Human Immunodeficiency Virus Reverse Transcriptase and Protease Sequence Database: an expanded data model integrating natural language text and sequence analysis programs


The HIV Reverse Transcriptase and Protease Sequence Database is an on-line relational database that catalogs evolutionary and drug-related sequence variation in the human immunodeficiency virus (HIV) reverse transcriptase (RT) and protease enzymes, the molecular targets of anti-HIV therapy ( The database contains a compilation of nearly all published HIV RT and protease sequences, including submissions from International Collaboration databases and sequences published in journal articles. Sequences are linked to data about the source of the sequence sample and the antiretroviral drug treatment history of the individual from whom the isolate was obtained. During the past year 3500 sequences have been added and the data model has been expanded to include drug susceptibility data on sequenced isolates. Database content has also been integrated with didactic text and the output of two sequence analysis programs.
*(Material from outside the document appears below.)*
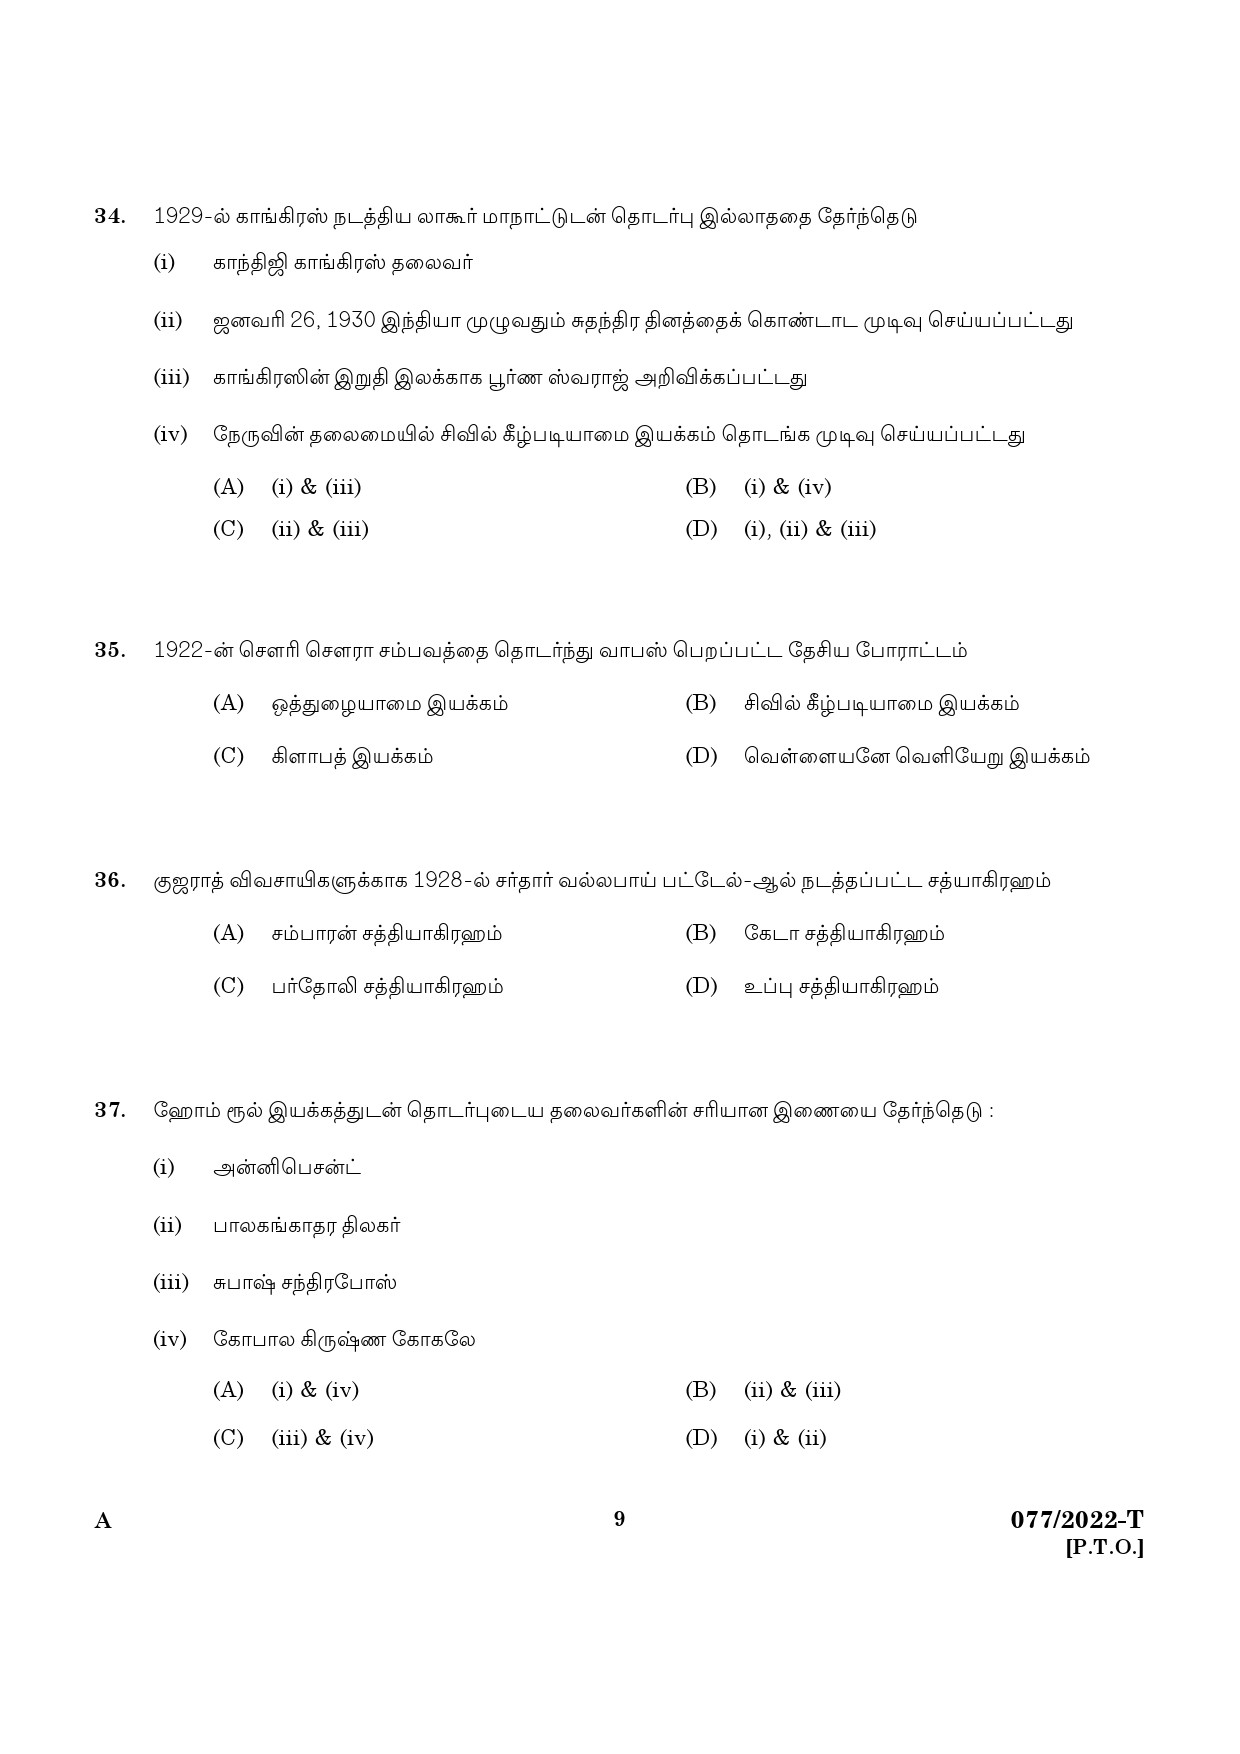 KPSC Common Preliminary Exam 2022 Upto SSLC Level Stage VI Tamil 0772022 T 7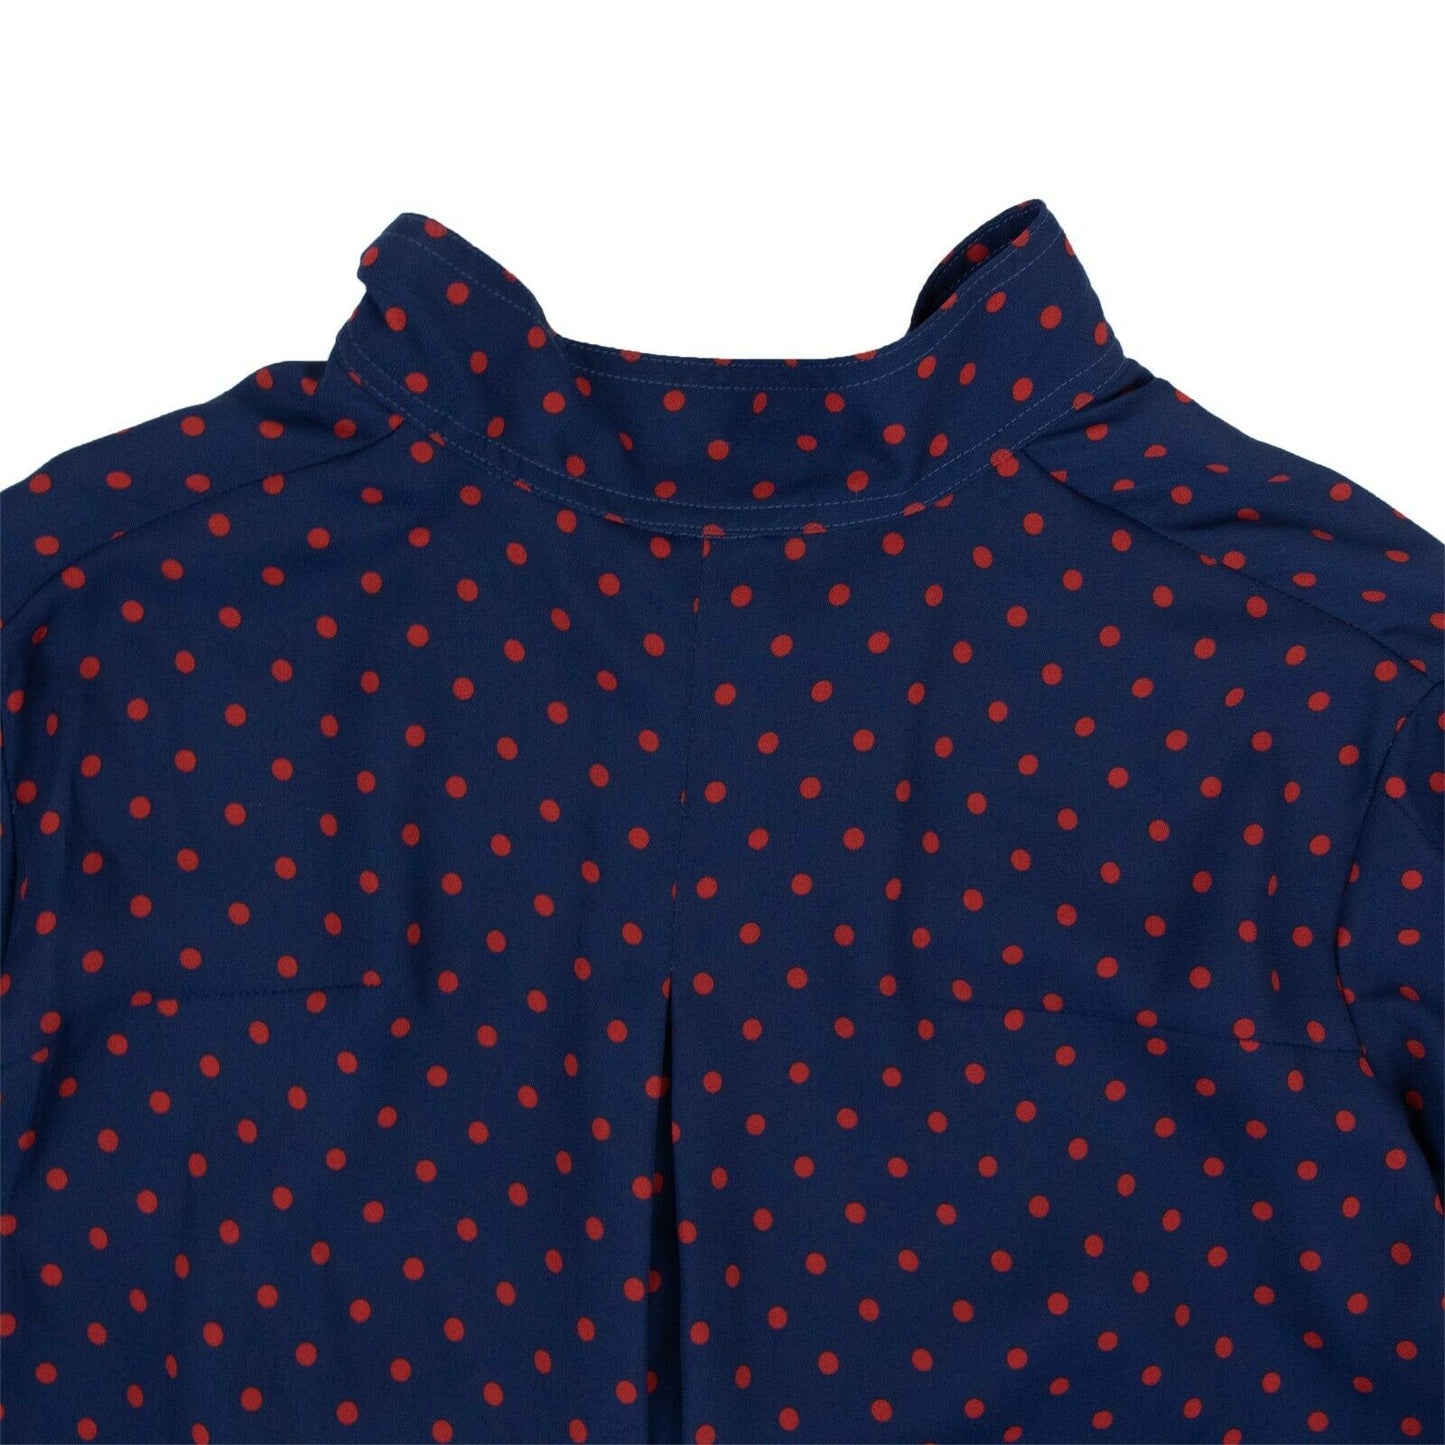 Unravel Project Polka Dot Shirt - Dark Blue/Red

Medical and biological relevance

Human immunodeficiency virus (HIV) reverse transcriptase (RT) and protease enzymes are the molecular targets of the 15 currently licensed antiretroviral drugs. Sequence changes in the genes coding for these enzymes are directly responsible for phenotypic resistance to RT and protease inhibitors. Individuals infected with drug-susceptible HIV isolates experience reductions in morbidity and mortality with appropriate antiretroviral drug therapy. In contrast, individuals infected with drug-resistant isolates do not usually respond to drug therapy (1). Assays for sequencing HIV RT and protease are commercially available and are widely used in clinical settings. However, the optimal means of interpreting RT and protease sequences is not known, and the potential utility of such sequence results in clinical settings is an area of intense clinical investigation (2).

HIV RT and protease

HIV RT is a heterodimer composed of a p66 subunit, which contains the DNA-binding groove and the active site, and a p51 subunit, which appears to function as a scaffold for the enzymatically active p66 subunit. HIV RT is responsible for RNA-dependent DNA polymerization, RNase H activity and DNA-dependent DNA polymerization. Although it is 560 amino acids in length, almost all known drug resistance mutations are found in the 5′-polymerase coding region, which is the region sequenced by most clinical laboratories. HIV protease is responsible for the post-translational processing of the viral gag and gag-pol polyproteins to yield the structural proteins and enzymes of the virus. The enzyme is an aspartic protease composed of two non-covalently associated, structurally identical monomers 99 amino acids in length. The protease has a binding cleft that specifically recognizes and cleaves at least 10 different sequences on viral precursor polyproteins.

HIV genetic variation

Genetic analysis of HIV isolates has revealed 10 different group M (main) subtypes, differing from one another by 10–30%, and several highly divergent group O and group N outlier sequences (3). Sequences of HIV isolates collected from around the world provide evidence for naturally occurring genetic polymorphisms; sequences of isolates from persons receiving anti-HIV drug therapy indicate genetic changes selected under antiretroviral drug pressure that may be associated with drug resistance. Sequences within the HIV RT and Protease Sequence Database indicate that ~40% of the 99 amino acids in the protease are polymorphic in untreated individuals, and up to 67% are polymorphic in patients receiving antiretroviral therapy. In the RT, percentages of polymorphisms are ~25 and 40%, respectively.

Database history

The HIV RT and Protease Sequence Database is a relational database begun in 1998 as a catalog of sequences linked to data about the source of the sequence sample and the antiretroviral drug treatment history of the individual from whom the isolate was obtained. The database schema has been described in detail in earlier publications (4,5). During the past year, the data model has been expanded to include phenotypic drug susceptibility data and other data pertaining to the interpretation of RT and protease sequences obtained in clinical settings. In addition, two sequence analysis programs and didactic text have been integrated via hyperlinks to specific database queries. In the sections that follow, we will review key database features with an emphasis on those that were introduced within the past year.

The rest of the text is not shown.